According to Consumer Reports, many consumers do not understand the crucial differences between brokers and registered investment advisors, and how that distinction could have a big impact on their wallets.
In a September 2013 article addressing some of the critical money mistakes people make, Consumer Reports Money Adviser said one big mistake is buying into the myth that “if my broker recommends a stock, mutual fund, or other security, she has my best interests in mind.”
According to Consumer Reports, what you may not know could definitely hurt you:
“Brokers are required to follow only the ‘suitability’ standard. … But they don’t have to observe the stricter ‘fiduciary’ standard, which requires professionals to put your interests above their own and to disclose any potential conflicts of interest. That means their recommendations might be based on the size of the commission they can earn.”

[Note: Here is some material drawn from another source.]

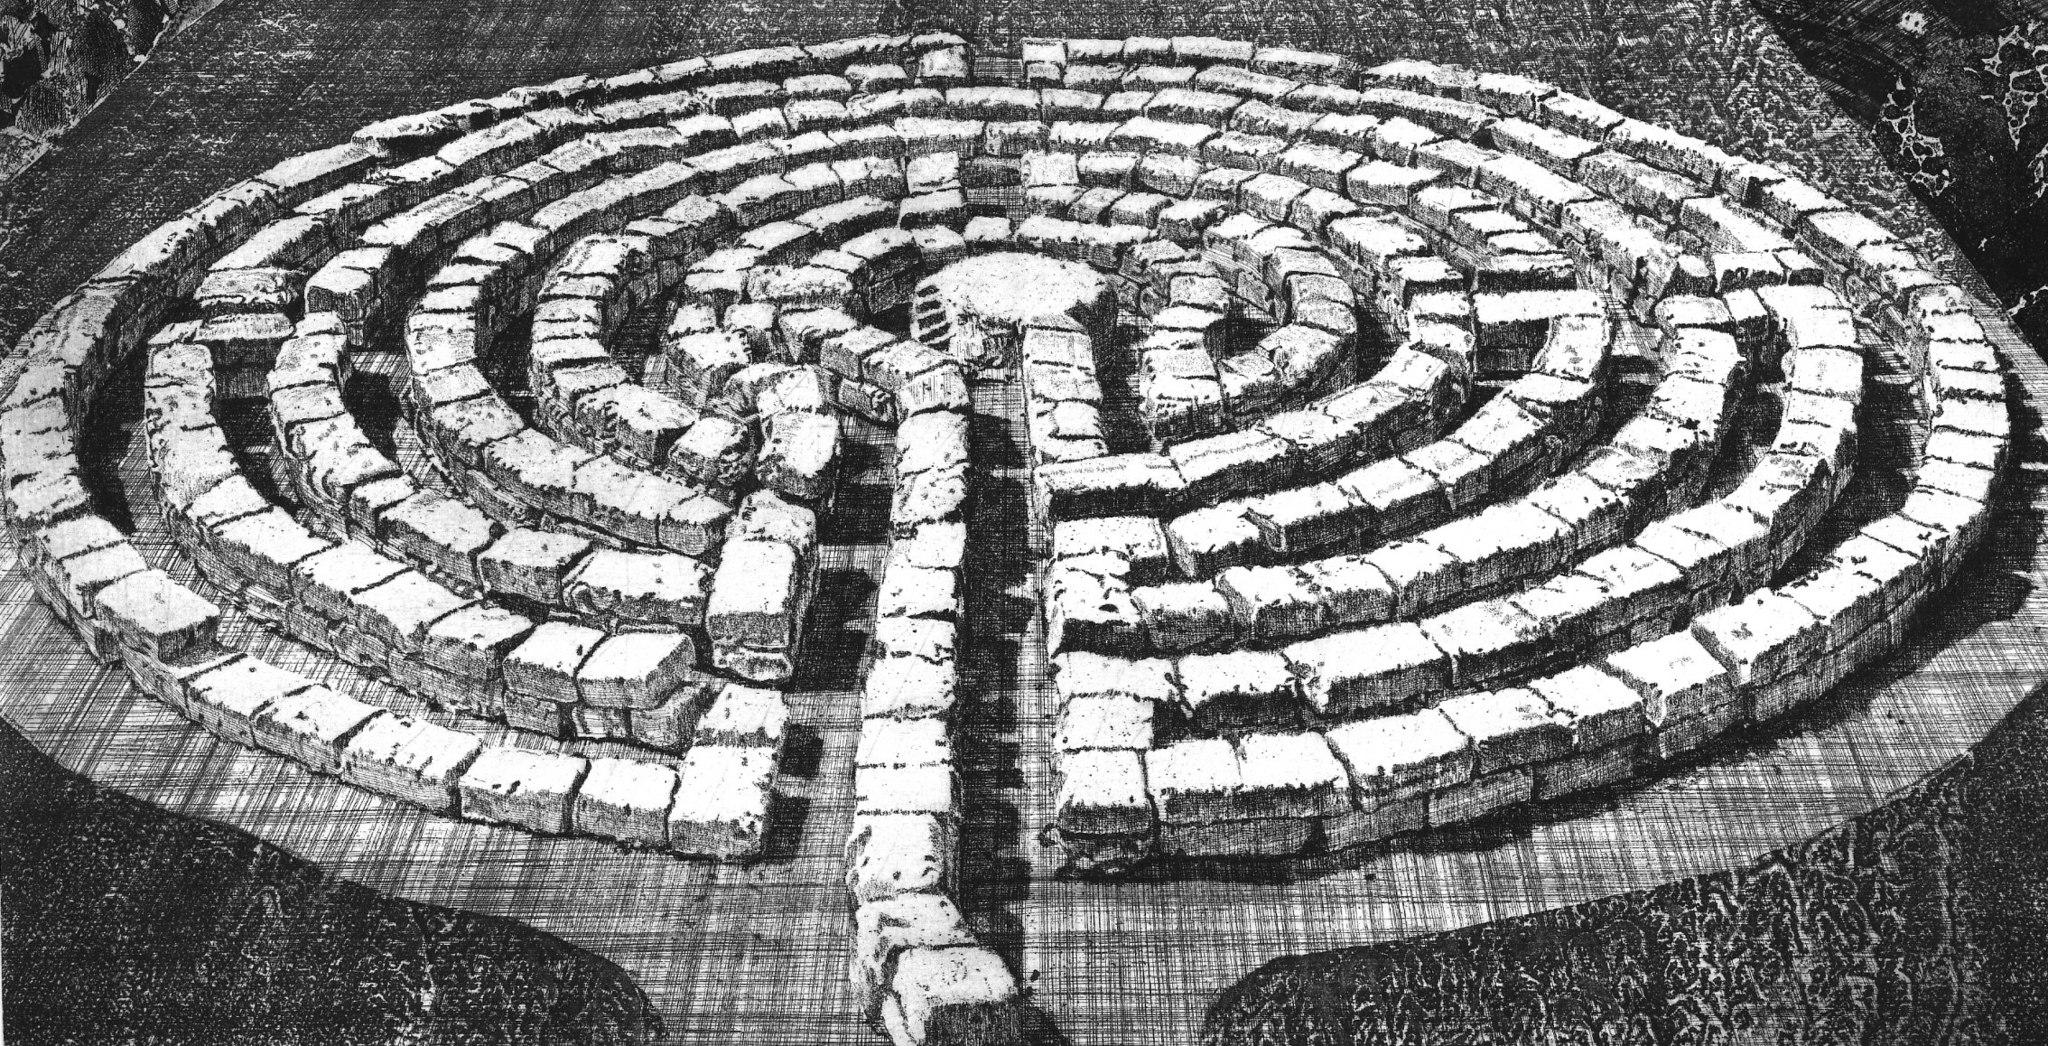 2048px-Labyrinth_28.jpg

In contrast, advisors like Adam Financial Associates, Inc. are RIAs (or Registered Investment Advisors), and must operate under the stricter “fiduciary” standard.
One thing is clear. The fiduciary standard sets the professional bar much higher.
Financial advisors are divided into two camps. “On the one side are the banks, brokerages and insurance companies whose business models include use of sales commissions and other practices that can create conflicts with clients’ interests. On the other side are the registered investment advisers, who are already held to a fiduciary standard that obliges them to act always in their clients’ best interests,” wrote Corrie Driebusch of the Wall Street Journal in July.
Here’s a valuable tip from Consumer Reports:
Before hiring an investment professional, ask them whether they operate under a fiduciary standard so you can make sure they put your interests first.